In Helen Blumenthal’s 1975 thesis on New Odessa: New Odessa, 1882-1887: United we stand, divided we fall (http://pdxscholar.library.pdx.edu/open_access_etds/2288/ ) there is a handwritten list of the colonists’ names from local archives:

New Odessa colonists 1885

My guess is that Simon Krimont is the fourth from the left in the centre row of the photograph, and his sister Sophie may be the woman in the light dress.

The philosophy of the colony was that everyone should work to the best of their abilities and were considered equal, both men and women. Their leisure time was spent with reading, talks, learning English, lectures by Frey on philosophy and science, singing Russian and American traditional songs and dancing. They had also brought a large library of Russian books which was an important part of their life when they were not working on the land.

Frey, who had settled in New Odessa with his wife and children, became the leader of the mostly younger men and women, and gradually imposed his strong ideology, both helping and hindering its development. For instance, although the land they bought was mostly forest filled with game and a river filled with fish, Frey was a strict vegetarian and did not allow any meat or fish to appear at their meals. And although he was a humanist, he gradually made a religion of his humanism and insisted on having services and singing hymns, which was not to the liking of many of the Am Olam group.

According to Theodore H. Friedgut in Stepmother Russia, Foster Mother America: Identity Transitions in the New Odessa Jewish Commune, Odessa, Oregon, New York, 1881–1891 (2014), one of the best sources of contemporary information about the early period in New Odessa was a series of letters about the colony, probably written by Simon Krimont, in the Russian novel Joseph Petrikovsky wrote about his experiences in South Dakota, To America: Notes from the Journal of an Emigrant Student. Kiev 1884 (Петриковский И. М. В Америку! Из записной книжки студента-эмигранта. Киев, 1884. 249 с). I had not realised that Simon and Joseph may have been friends from Russia or their first days in New York and therefore it was probably Joseph, who married my great aunt Anna when he returned to Russia to publish his novel in 1884, who introduced Simon to his wife’s sister, my great aunt Galia in New York in the late 1880s.

Cow Creek Sether Ranch

Cow Creek, Glendale, Oregon

By late 1884, only a year and a half after the colony began, the colony split and Frey left with 15 members. Besides the ideological problems, there may have been some economic ones, as the contract of cutting wood for railroad ties was not renewed by the group and selling crops in the area was not as easy as expected. Also many found the farming work more difficult than they expected, possibly because the land was quite steep. However, the colony carried on for at least another year as shown in a long 1885 magazine article about a colony wedding written by a journalist who knew no Russian and stayed at the colony for a few days to observe and take part in their lives. As names were not used in the article, there has been some question about who the bride and groom were, and no one has thought that it might have been Simon Krimont’s sister Sophie and another colonist, Alex Kislik, but all the facts in the article, especially a sister called Anuta and the mother and other sisters being present. It is an interesting American journalist’s fly on the wall view of these Russian Jewish young people trying to create a new society.

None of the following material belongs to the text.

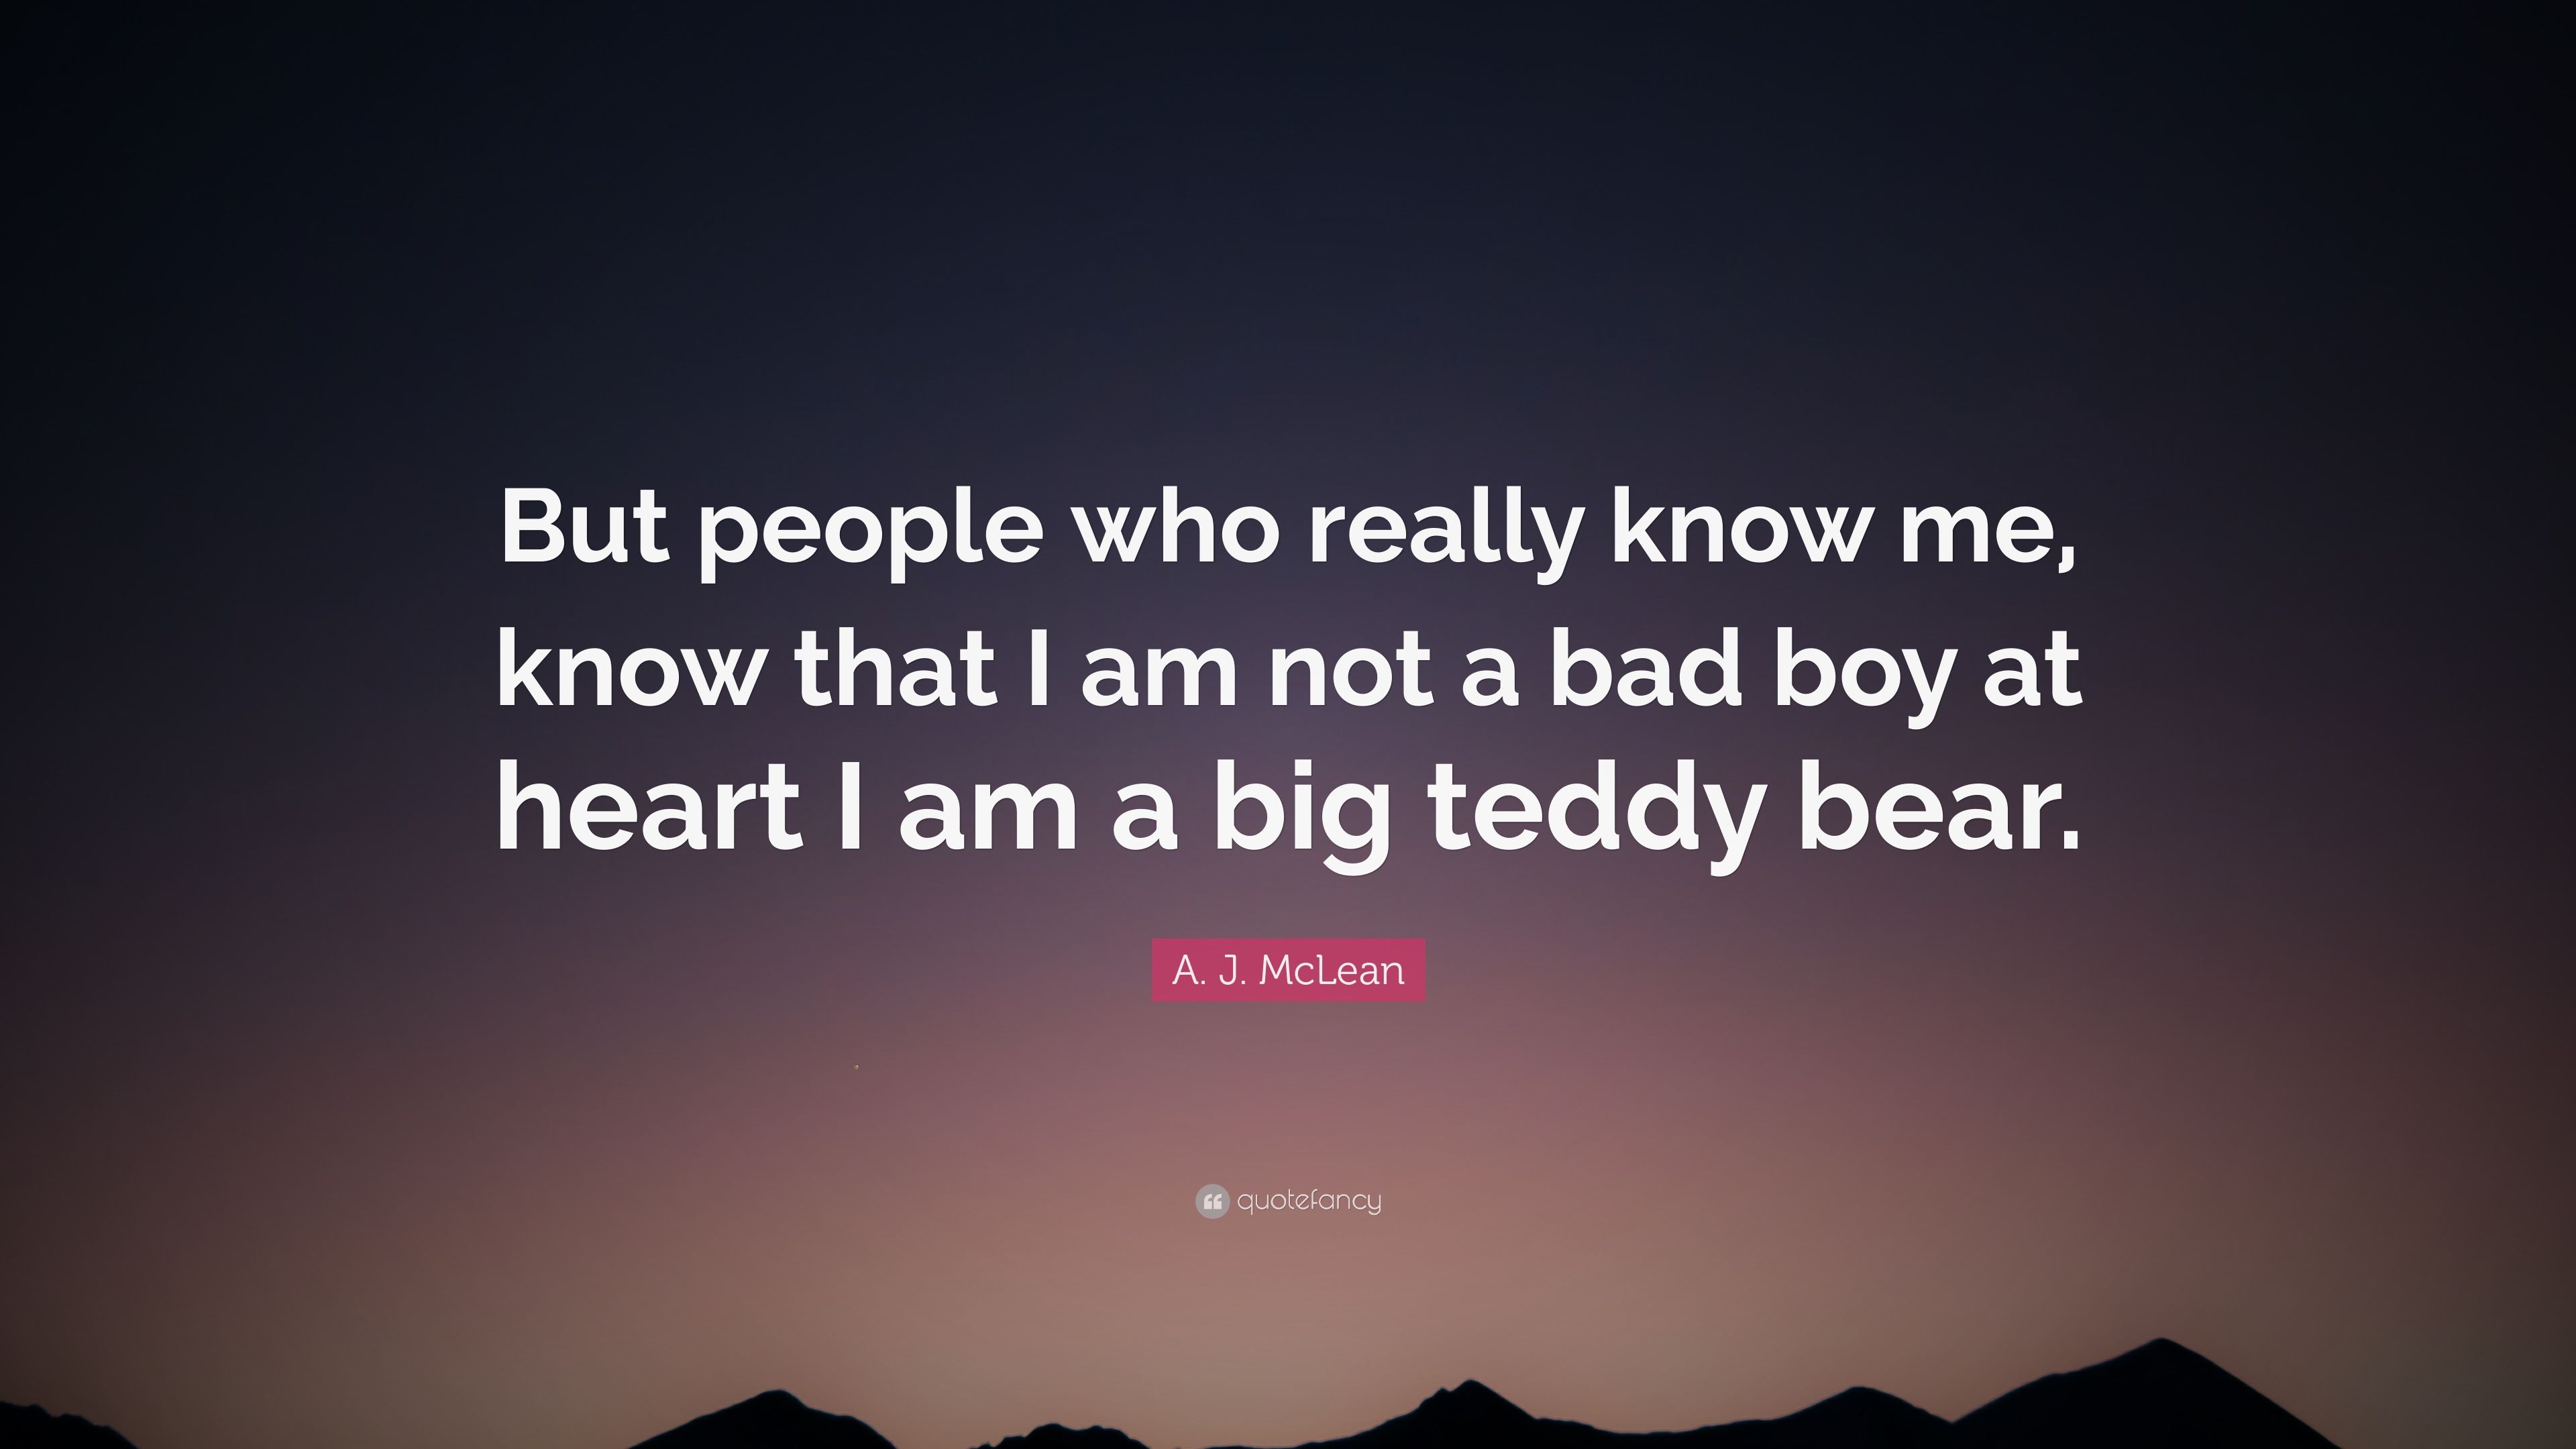 A. J. McLean Quote: “But people who really know me, know that I am

A wedding among the communistic Jews in Oregon Overland Monthly and Out West Magazine Dec 1885 Vol. VI-39, p606-11

(http://quod.lib.umich.edu/m/moajrnl/ahj1472.2-06.036/612:10?rgn=full+text;view=image)

Yesterday was Sunday, and there was a marriage in the community. Nearly all the members eat and sleep and stagnate – for I can hardly speak of it as living – in a large hall of their own construction: a wretched edifice built of rough boards and un-planed planks, and containing only two apartments, the lower story being the dining room and kitchen both in one, and the upper story a large sleeping room without partitions. In the sleeping room the Community, with the exception of two or three families who live in small shanties, not only sleeps, but lounges – and lounges, too, a good deal of the time – reads, debates, and dances. The bedsteads, which are home-made structures of boards, nailed together in the most flimsy manner, are placed under the eaves in a long row on each side of the room, and the centre is furnished with a rough table for writing. As for reading, the Russians of every type I’ve ever met always read stretched prone upon his bed. On Sunday we had been lounging on our beds most of the morning, taking a late breakfast at 10 o’clock, and going back upstairs to lounge again, or to read the philosophers of evolution, of progress, and social emancipation. About two in the afternoon I descended to the kitchen to enquire for dinner. To my surprise, I found several of the women very busy making dried apple pies and custards – great novelties, the usual dinner at New Odessa being bean soup and hard baked biscuits of unbolted flour called after the name of that wretched dyspeptic Graham….

And to my great surprise, I was told that something even more important was to be celebrated – there was to be a wedding. It was a very sudden affair, a surprise to everyone as well as myself: a young man and woman had made up their minds to enter into matrimony, and it was to be done at once. There was an immediate bustle and hurry in every man in the community trying to find the suit of clothes in which he left Russia. Two or three young girls went into the woods for flowers, and the rafters of the hall, upstairs and down, were soon hung with the flowering branches of the tulip tree. On this great occasion, white cloths instead of oilcloths were spread upon the dining table. The pies were baked with a rush, each pie being inscribed in paste with the initials of the bridegroom and bride.

 The brothers and sisters had been gathered a few moments on the benches in the dining room, when the bridegroom and bride entered. Both parties were young, perhaps 22; the young man well educated, well read in philosophic and romantic literature, and rather good-looking. The bride is noted for her cunning disposition, or what might be called her womanliness; but having her hair cut short, her aspect was that of a strong-minded female. She was very nicely dressed, wore a wreath of white flowers, and looked charming enough to make any man happy. On the arrival of the bridal party, which included the mother and sisters of the bride, a little ceremony took place, in which the young man and woman were understood to unite themselves in the conjugal relation.

Descending on the colony without any knowledge of its philosophy, the American journalist was horrified by the rough furniture and large bare rooms, but this was exactly the aim of the colonists who wanted a completely communal life and the opposite of the fussy Victorian furnishings of the time. He also did not understand the importance to these Russian colonists of reading, studying and debating, and it was a Sunday.

Simon and Sophie’s mother and seven younger siblings had not intended to join New Odessa but events had worked out that way and they were there to attend the wedding. Their father had come to visit the colony in 1883 and had suddenly become ill and died. A year later the rest of the family came from Odessa to Oregon as they no longer had any livelihood in Russia.

The collapse of the colony around 1886 was precipitated by a fire which destroyed part of the house and the entire library, which had been the soul of the community. After that, the Krimont family returned to New York, and a couple of years later, after Simon married my great aunt, he went to Romania to work for an uncle’s shipping company to support his family. Several of his seven sisters in America became pacifist anarchists and helped set up colonies in both England and America which lasted until the 1950s. The colony in England, Whiteway, near Stroud, Gloucestershire, which still exists as bungalows with a meeting house on common land, helped conscientious objectors in both world wars. The colony in New Jersey, Stelton, near New Brunswick, had an innovative school, The Modern School, which influenced later creative and alternative types of education. Although New Odessa was short lived, the ideas of living communally, pacifism and equality for everyone carried on.